Kasus Suap Reklamasi, Kabiro Hukum Pemprov Kepri: Belum Ada Izin Terbit

Heri Mohkrizal saat dijumpai awak media usai memberikan keterangan kepada penyidik KPK di Mapolresta Barelang. (Foto: Margaretha/Batamnews)

Batam - Kepala Biro Hukum Pemerintah Provinsi (Pemprov) Kepulauan Riau, Heri Mokhrizal mengatakan, pihaknya belum pernah mencatat ada izin reklamasi yang diterbitkan sepanjang tahun 2019. 

“Belum ada, sepanjang tahun 2019 belum,” ujar Heri di Mapolresta Barelang, Rabu (24/7/2019). 

Namun jika menyangkut izin prinsip, Heri menyebutkan izin itu tidak ada padanya, melainkan pada Organisasi Perangkat Daerah (OPD) masing-masing. “Kalau izin prinsip tak ada di saya,” kata dia. 

Heri beserta pejabat pemprov Kepri yang lain masih dimintai keterangan oleh Komisi Pemberantasan Korupsi (KPK) RI terkait kasus gratifikasi Gubernur Kepri Nonaktif Nurdin Basirun. “Hari ini ada 8 orang yang dimintai keterangan,” kata Heri. 

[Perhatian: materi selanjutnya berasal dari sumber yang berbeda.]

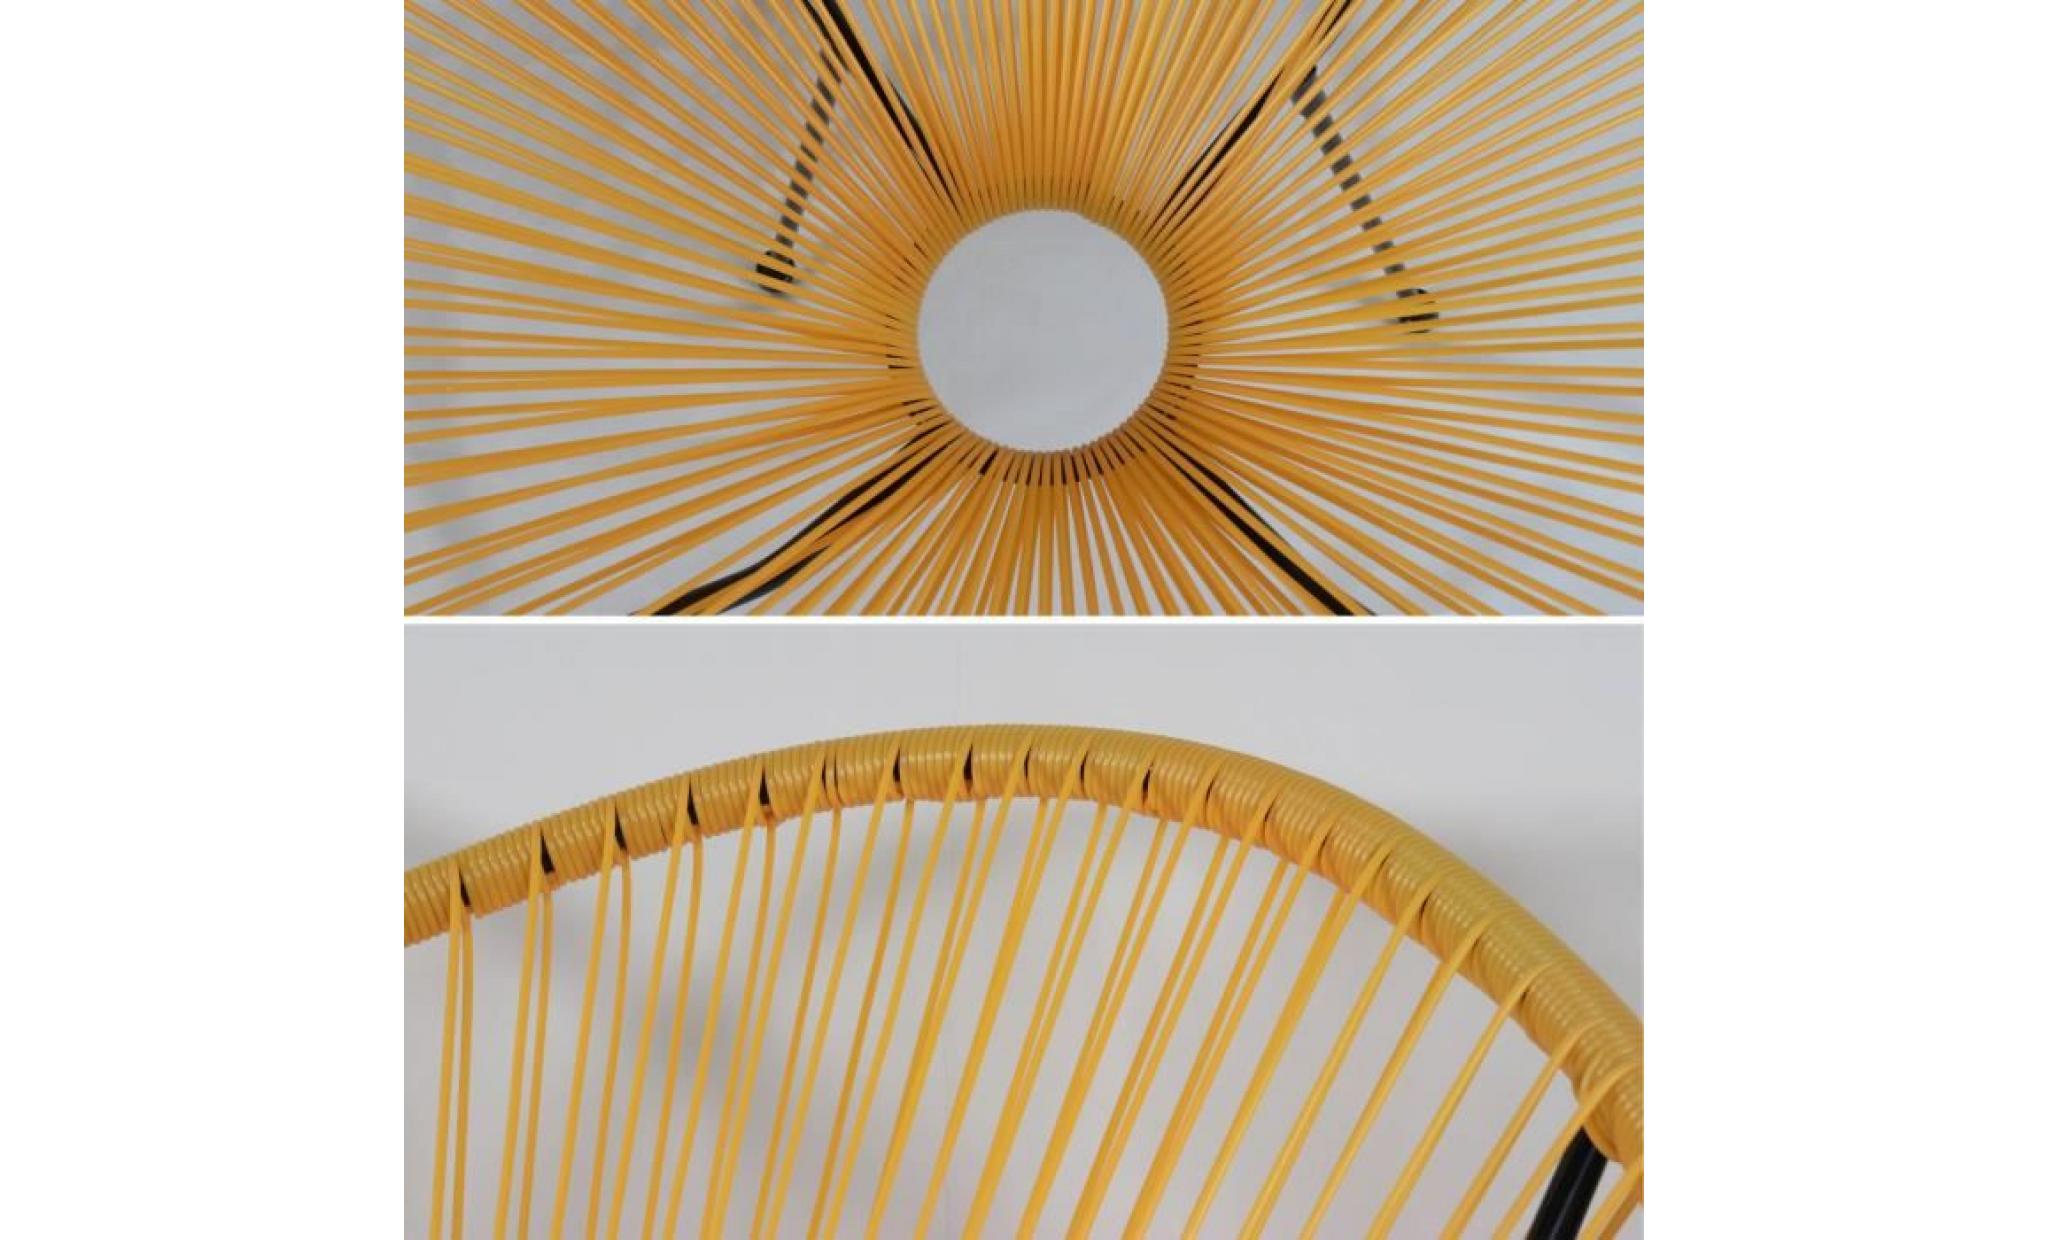 lot de 2 fauteuils design oeuf   acapulco jaune   fauteuils 4 pieds design rétro, cordage plastique, intérieur / extérieur pas cher

Selain Heri Mokhrizal, ada Kepala Dinas Perhubungan Kepri Jamhur Ismail dan Kepala Dinas Pekerjaan Umum Penataan Ruang dan Pertanahan (PUPR), Abu Bakar yang dimintai keterangan. Serta beberapa pegawai Kepri lainnya. 

Delapan pejabat dan pegawai Kepri tersebut dimintai keterangan sejak pukul 10.00 WIB, saat ini proses tersebut masih tetap berlangsung di Lantai 3 Mapolresta Barelang. 

Nurdin sendiri usai ditahan KPK di Jakarta belum bisa dibesuk pihak selain keluarga dekat.